Reading & Writing to PDFs

3 minute read

Motivation for the Post

PDF extraction is admittedly a tough engineering task. I know people who founded startups offering PDF extraction services and failed. Hey, it’s not their fault. Even, Amazon failed to perfect it through its product Textract.

There are some beautiful libraries out there trying to perfect the process as much as possible. However, I didn’t find a tool that could help me end-to-end in preserving the structure i.e headings, annotations and writing back to the PDF. I found an ensemble of tools each better at individual tasks but stitching them together is a tough task. After dedicating good amount of time, I was able to zero-down all my requirements to one tool albeit it requires some coding from you.

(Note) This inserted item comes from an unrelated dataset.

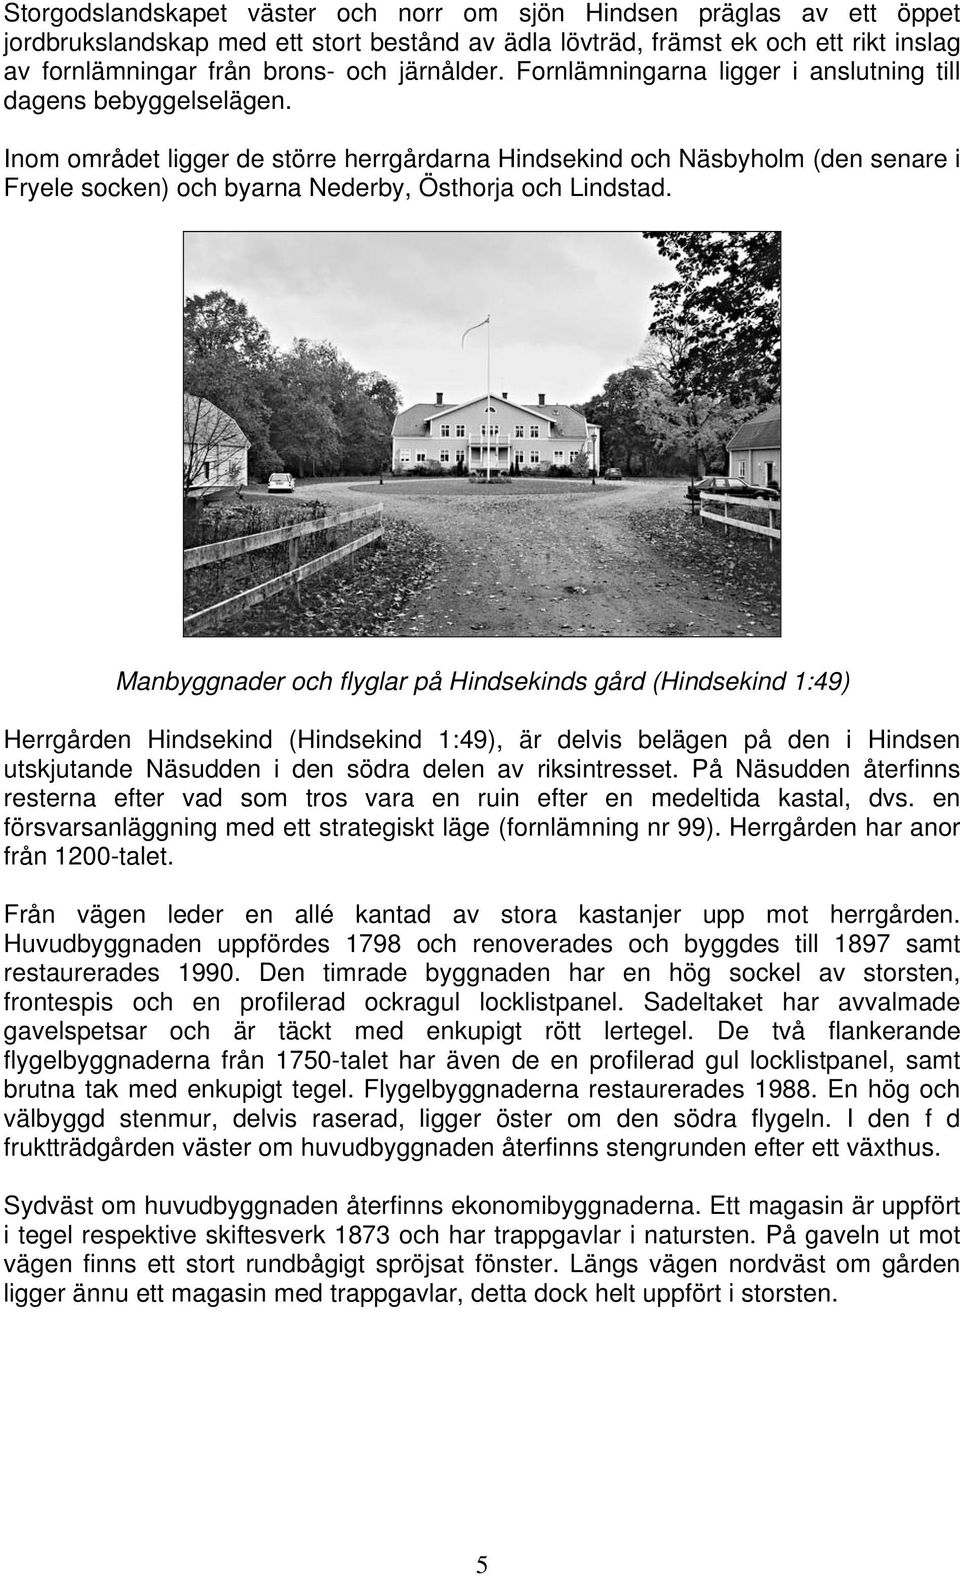 Inom området ligger de större herrgårdarna Hindsekind och Näsbyholm (den senare i Fryele socken) och byarna Nederby, Östhorja och Lindstad.

So, this post helps you understand how PDF works and what you can/cannot do with it. Note: I’ll be using PyMuPDF in this post.

Understanding PDF

What makes PDF parsing (Portable Document Format) so difficult is its way of storing the data. For instance, do you (90s kids especially) remember cutting celebrities’ photos from newspapers and pasting them on a page/chart? PDF is inspired from the same methodology. Every word/character is just pasted on a blank page w.r.t coordinate system. So unlike your HTML/XML format, you can’t simply find a table by looking at tags because there are no tags. This problem is also reflected & discussed in the recent efforts of Camelot and Tabula.

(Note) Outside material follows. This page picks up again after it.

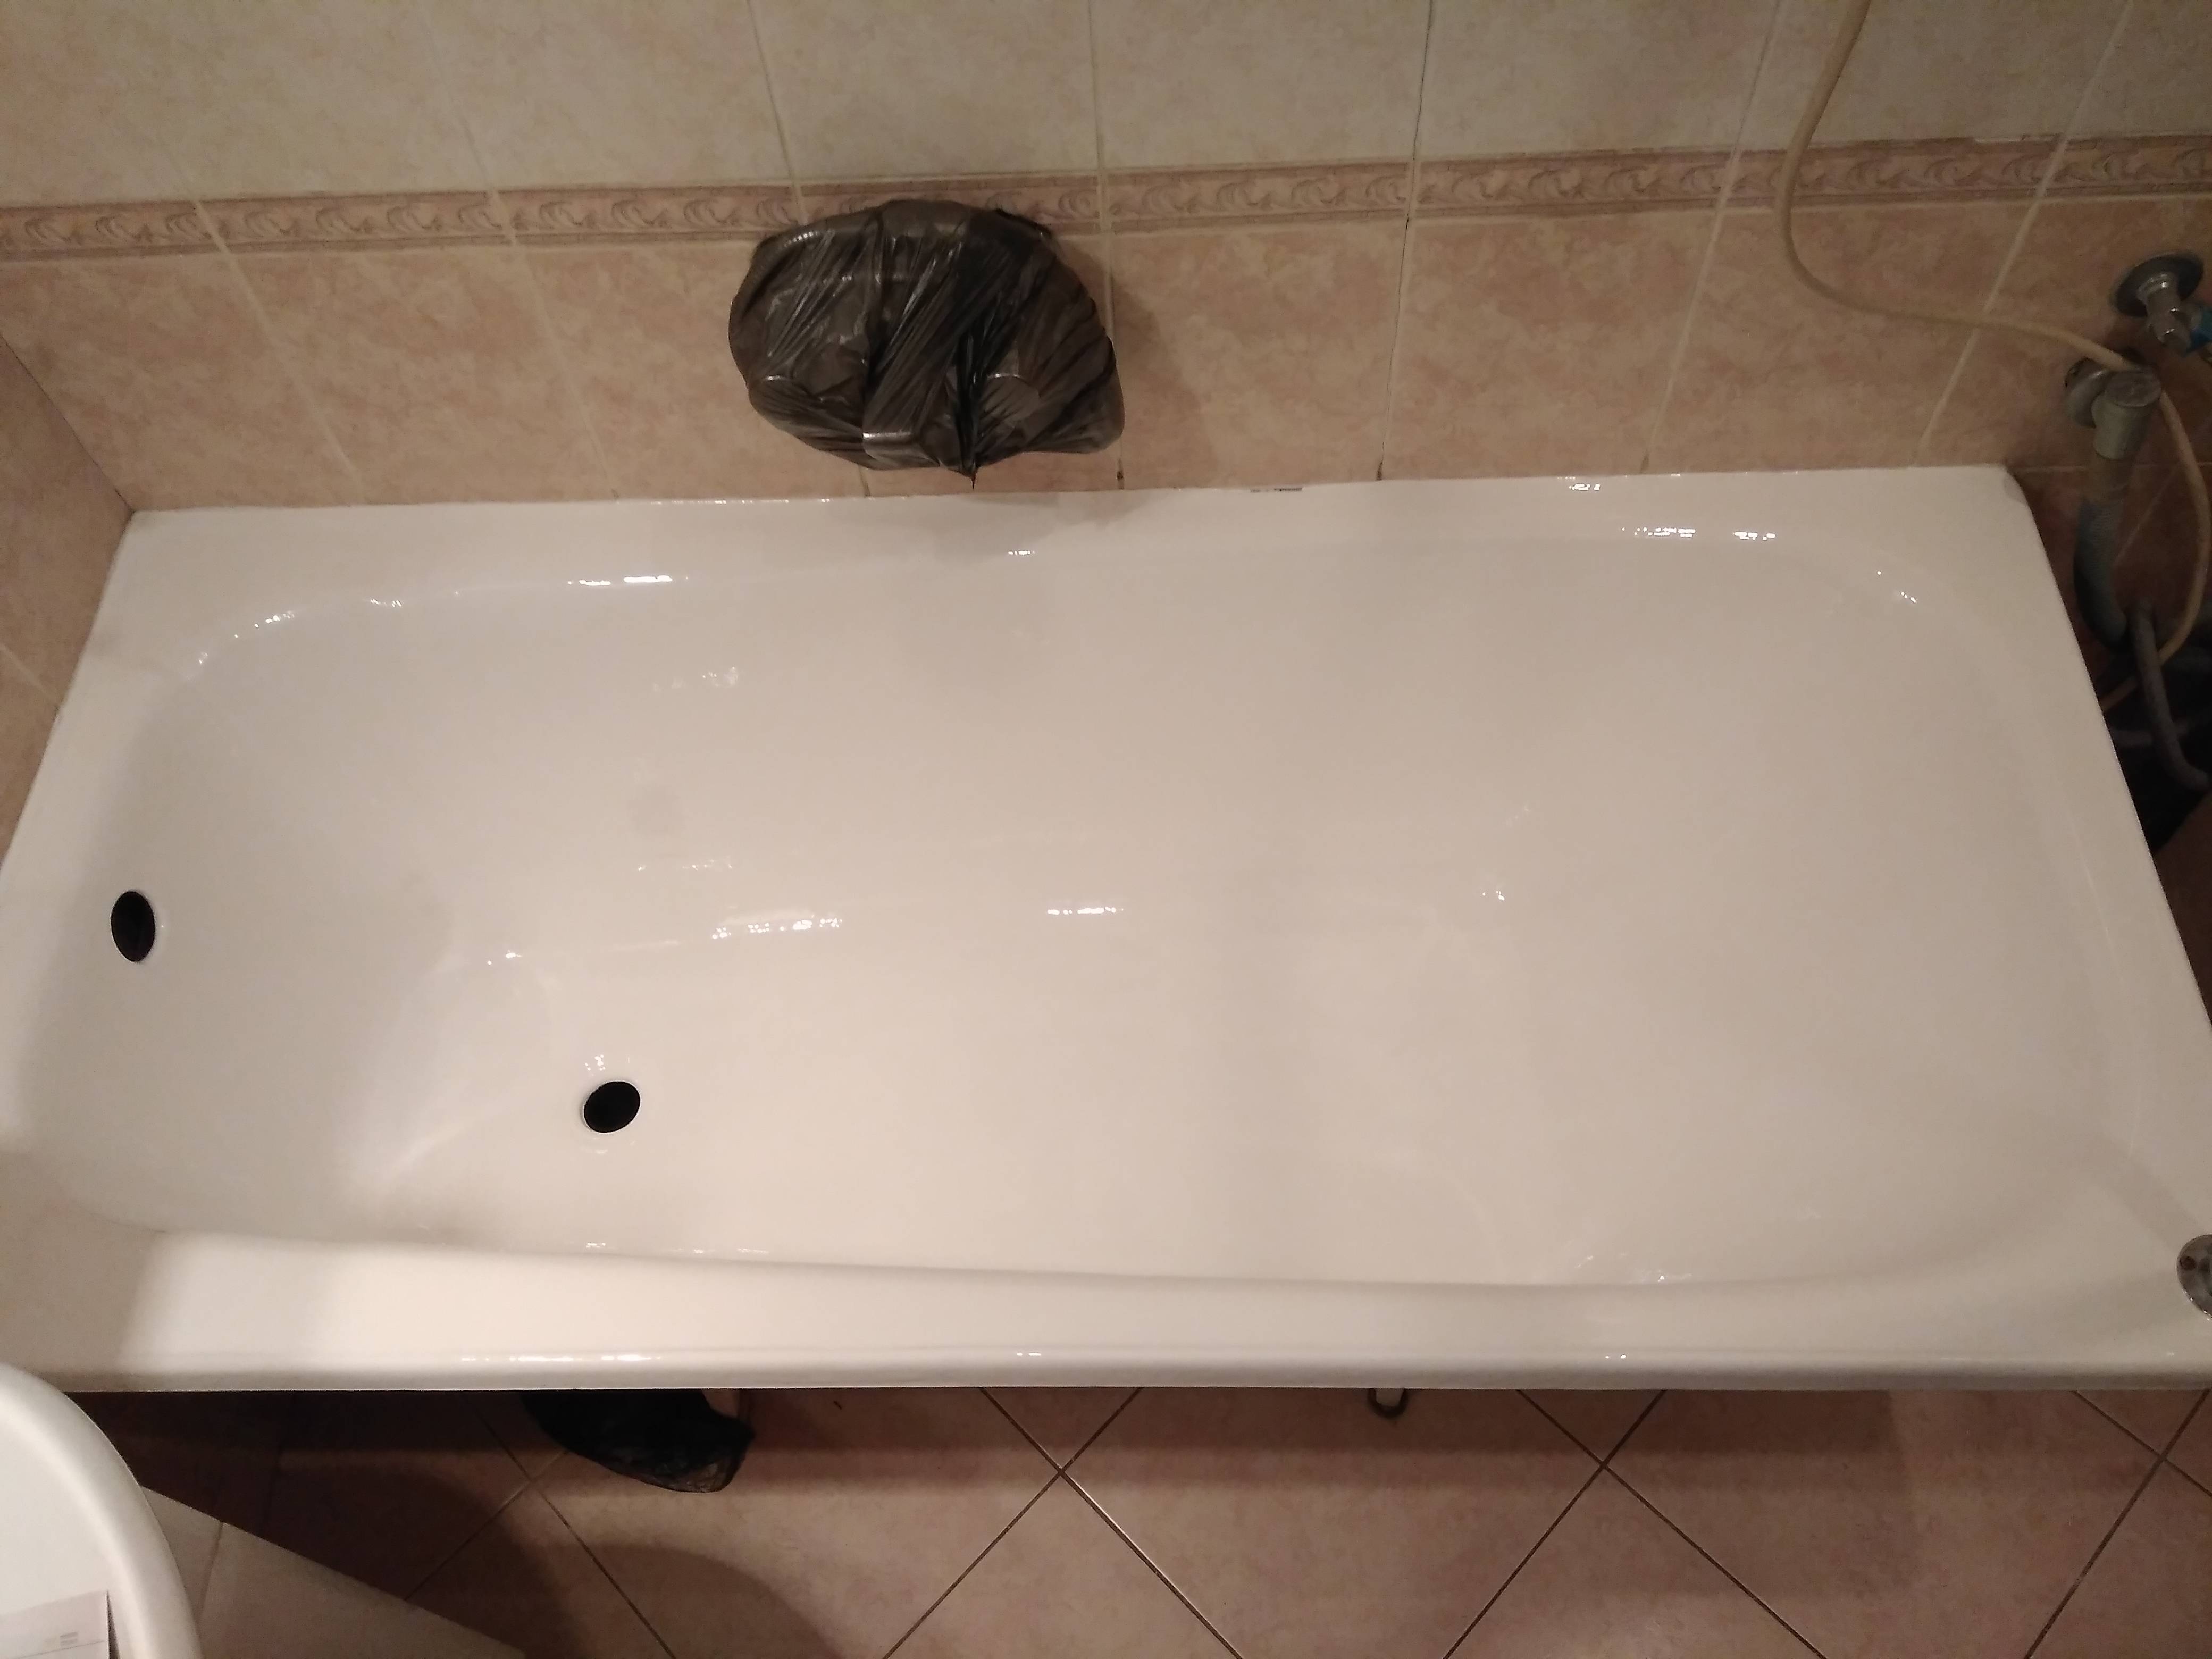 Реставрация ванны своими руками: подготовка и пошаговая реставрация ванной

Coming back to the question of how storage is done, it is coordinates. Yes, we’ll get back to why that’s the case in just a minute. Also, note that PDF maintains two layers - Data Layer and Metadata layer for storing different types of data.

PDF layering — **Figure 1:** *How PDF stores data in layers*.

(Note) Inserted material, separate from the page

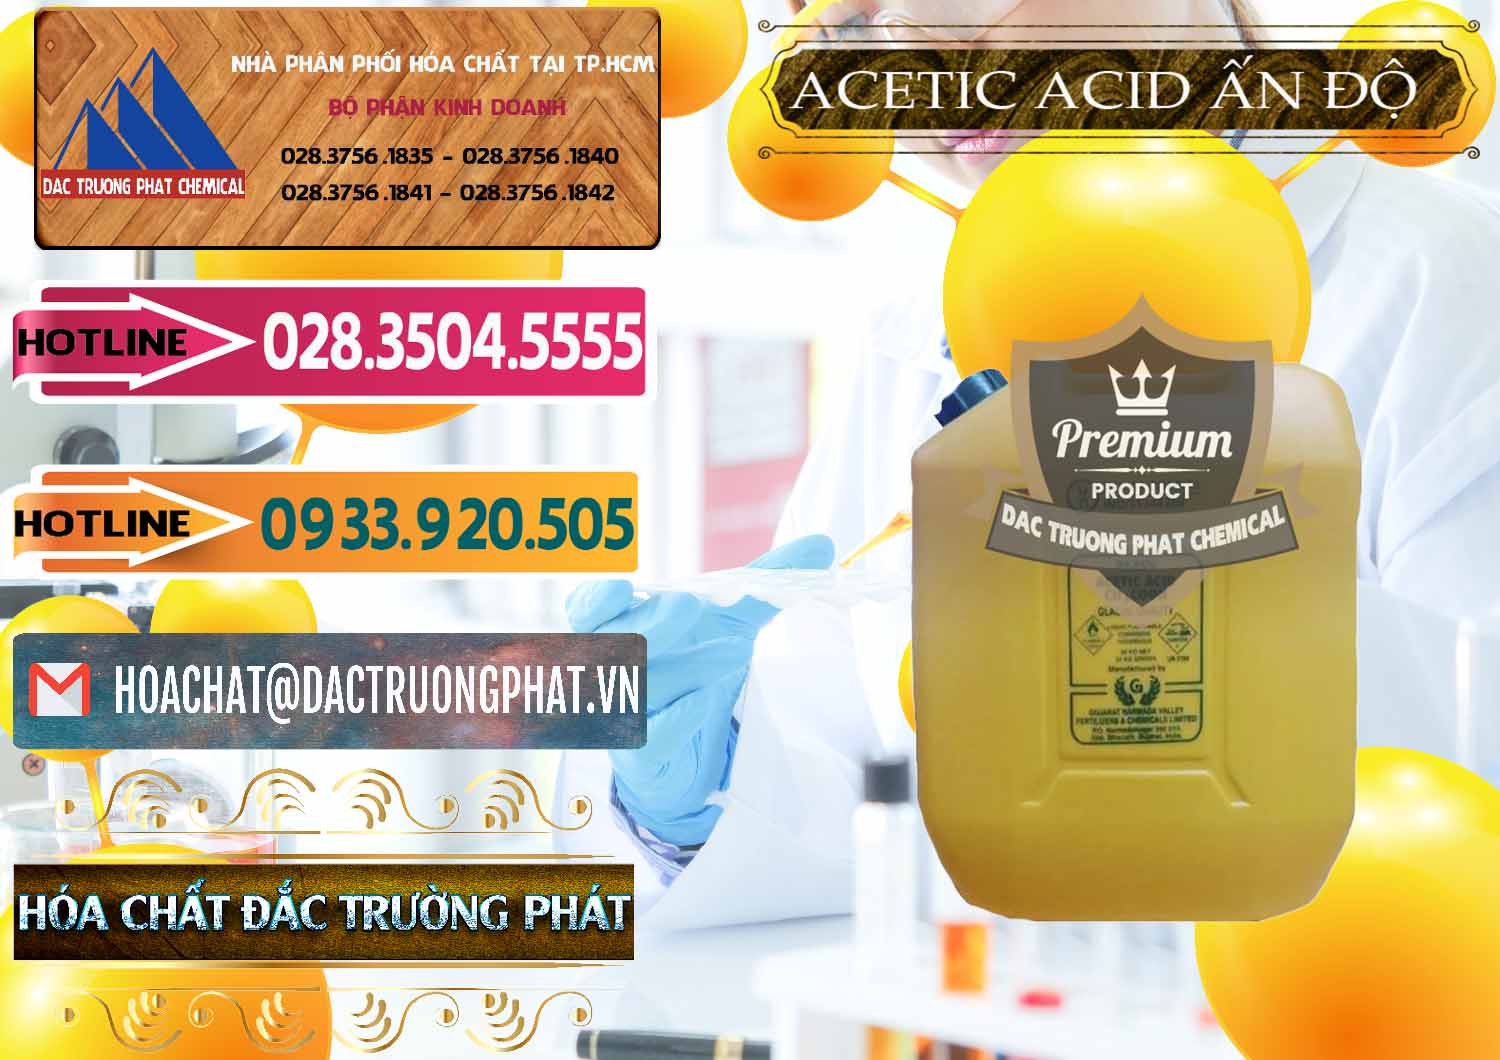 Công ty chuyên cung cấp và bán Acetic Acid – Axit Acetic Ấn Độ India - 0359 - Cty kinh doanh và cung cấp hóa chất tại TP.HCM - dactruongphat.vn

Let’s understand it better using this PDF.

PDF Sample — **Figure 2:** *Sample PDF file*.

For brevity, narrow down our understanding of Data Layer to Words and Metadata to Annotations/Highlights. Now, I have highlighted some portion of the PDF to obtain both layers with some code.

Sample Highlight — **Figure 3:** *Highlighting some portion of PDF*.

1. Reading

1.1 Getting words’ info

import fitz

pdf_filename = "sample-highlight.pdf"
page_number = 0

doc = fitz.open(f'{pdf_filename}') # Read the file as doc
page1 = doc[page_numer] # Get the page object
page1_info = page1.getText("words") # Get Text from a particular page as a list of words.

print(page1_info)

.getText("words") gives word-level information i.e [rectangle/bounding-box of the word, word, paragraph #, line #, position in line]

[
    (x1, y1, x2, y2, word, paragraph #, line #, word-position)
    (72.02, 92.64, 90.91, 106.38, 'This', 1, 0, 0),
    (93.69, 92.64, 100.91, 106.38, 'is', 1, 0, 1),
    (103.69, 92.64, 109.25, 106.38, 'a', 1, 0, 2),
    (112.03, 92.64, 135.36, 106.38, 'small', 1, 0, 3),
    (138.14, 92.64, 201.50, 106.38, 'demonstration', 1, 0, 4),
    (204.28, 92.64, 220.96, 106.38, '.pdf', 1, 0, 5),
    (223.74, 92.64, 236.52, 106.38, 'file', 1, 0, 6),
    (239.30, 92.64, 242.63, 106.38, '-', 1, 0, 7),
    ...
]

1.2. Getting Highlights

.annots() gives information about each annotation i.e [Type of annotation - Highlight/Text, Rectangle of the highlight].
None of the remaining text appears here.